Medical marijuana is currently legal in California, and recreational marijuana is becoming legal in 2018, but many residents in Calaveras County are fighting commercial marijuana cultivation with a county-wide ban.
Members of the community, including Calaveras County Sheriff Rick DiBasilio, seek to ban commercial marijuana cultivation in Calaveras County. Surrounding areas such as Amador, Tuolumne, and Stanislaus Counties have already banned commercial marijuana cultivation, and Calaveras County residents want to follow in their footsteps.
DiBasilio and the other Calaveras Country marijuana ban supporters were disappointed on Tuesday, Aug. 8, when the Board of Supervisors in San Joaquin overturned a ban on commercial marijuana cultivation. The vote was 3 to 2 to overturn the commercial marijuana cultivation ban; however, the ban will stay in place until regulations and ordinances can be implemented by the county.

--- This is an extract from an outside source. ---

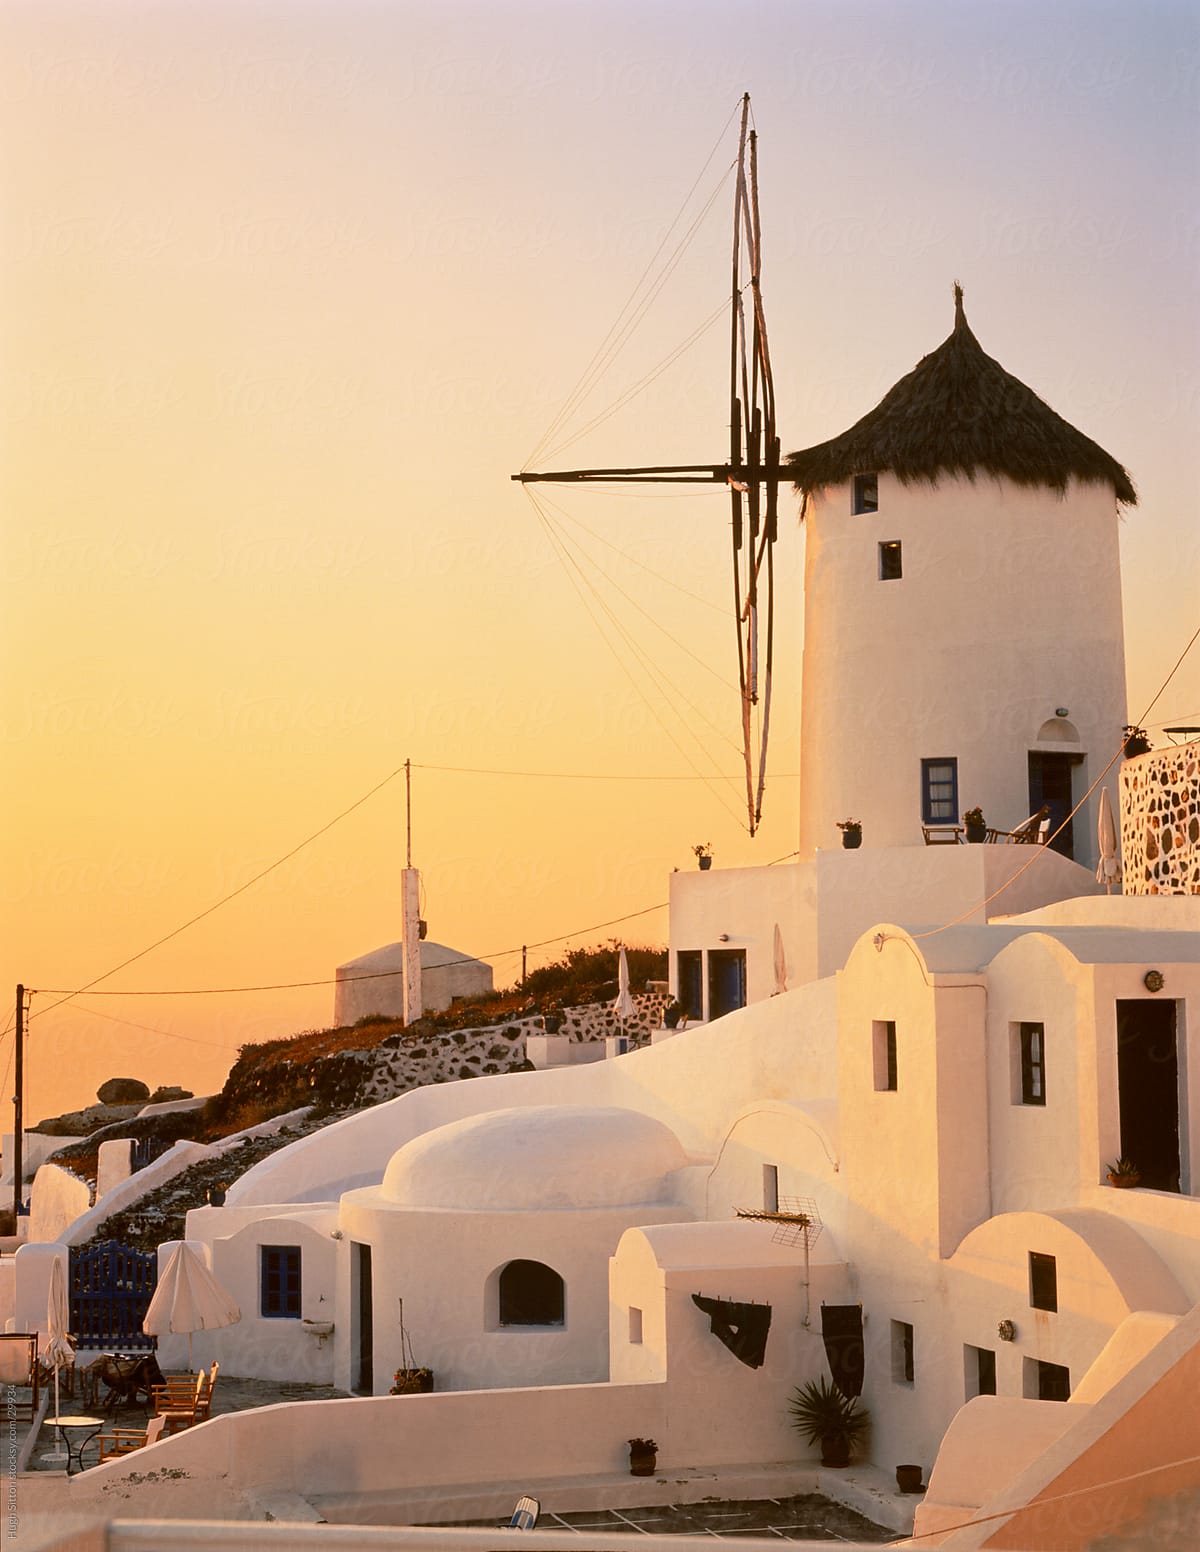 Windmill of Oia at sunset. Santorini. Greece.

County officials said that their vote is a reflection of the voters’ will in the November 2016 election, in which people voted to legalize marijuana and Proposition 64 was passed. The measure does not give recreational marijuana dispensaries the legal right to sell cannabis until Jan. 1, 2018, which is allowing those against legalizing commercial marijuana growing in Calaveras Country leverage against cultivators.
Why Ban A Commercial Marijuana Cultivation?
With recreational marijuana becoming legal in California next year, the state will be the biggest marketplace for legal cannabis in the world, but some unincorporated areas like Calaveras County say that they are the ones who will be affected the most.
Some farmers and law enforcement officials say that they are concerned about cartel gangs growing marijuana in Calaveras County illegally. They say a ban on commercial marijuana cultivation will protect their way of life and stop attracting criminals. Others complain that the scent from marijuana cultivation is bothersome or that the fertilizers and pesticides from marijuana cultivation will contaminate the environment.
Supporters of marijuana say that their concerns are irrational and have no basis in truth.
Calaveras County became popular to marijuana cultivators after the Butte Fire cleared miles of land in the Calaveras County hills. Marijuana farmers flocked to the area. Residents were selling their fire-damaged property cheap and the farmers were buying it.
County officials aimed to stop the land rush into the county by establishing mandatory fees on marijuana cultivators and by requiring special permits. The regulations were criticized by residents because they wanted no cultivation in the community whatsoever.
The Calaveras County Sheriff’s Department, along with several California agencies including the Department of Fish and Wildlife, the California Highway Patrol, the California Counterdrug Task Force, and the state’s Department of Water Resources, all spent several months planning the raids to enforce the ban.
Sheriff DiBasilio and other authorities had already begun the process of arresting of cultivators before the vote, with one of the raids ending with 27,000 plants being appropriated. The raid occurred on Aug. 3 and 35 people were arrested from over a dozen marijuana farms in Calaveras Country, as reported by the Associated Press.
DiBasilio told reporters that the four-day event was the biggest marijuana raid Calaveras Country has had to date, also stating in the news conference that illegal cultivators are not welcome there and that he would come for them. Search warrants were issued for 23 searches and officials say that they seized more than 25 tons of marijuana from the Calaveras Country raids total. Authorities also said that several guns were seized along with several thousand dollars in cash.
A Yuba County Rastafarian Church was one of the farms included in the raid and authorities confiscated 6,000 marijuana plants from the Church. The owner is a previous target of the Calaveras County Sheriff’s Department.
Heidi Lepp and her ordained minister husband, Charles Lepp, believe in cannabis for religious purposes and sacraments. Charles Lepp spent 8 years in a federal jail for cultivating 20,000 marijuana plants in Calaveras Country previously, and the sheriff demolished their crops once before back in 2015.
Dibasilio Misused Legal Cannabis Fees
An auditor is saying that Calaveras County Sheriff Rick DiBasilio has misused the one million dollars in fees that the county received from legal marijuana cultivators. The California auditor said that the sheriff used the money to raid illegal cultivators in the recent busts.
DiBasilio has denied misappropriating funds and defended himself by saying he believes raiding illegal operations are only enforcing legal marijuana regulations and that he used the funds properly.
The County Administrator said officials are updating the regulations to avoid further misappropriations by other law enforcement officials.
It doesn’t look like supporters of the Calaveras County marijuana ban or Sheriff DiBasilio is stopping their quest to enforce the commercial marijuana cultivation ban just yet, regardless of the vote. The debate continues because voters elected new County Supervisors in the last election, and some are expected to support the Calaveras County marijuana ban.
The fight is sure to continue in the meantime.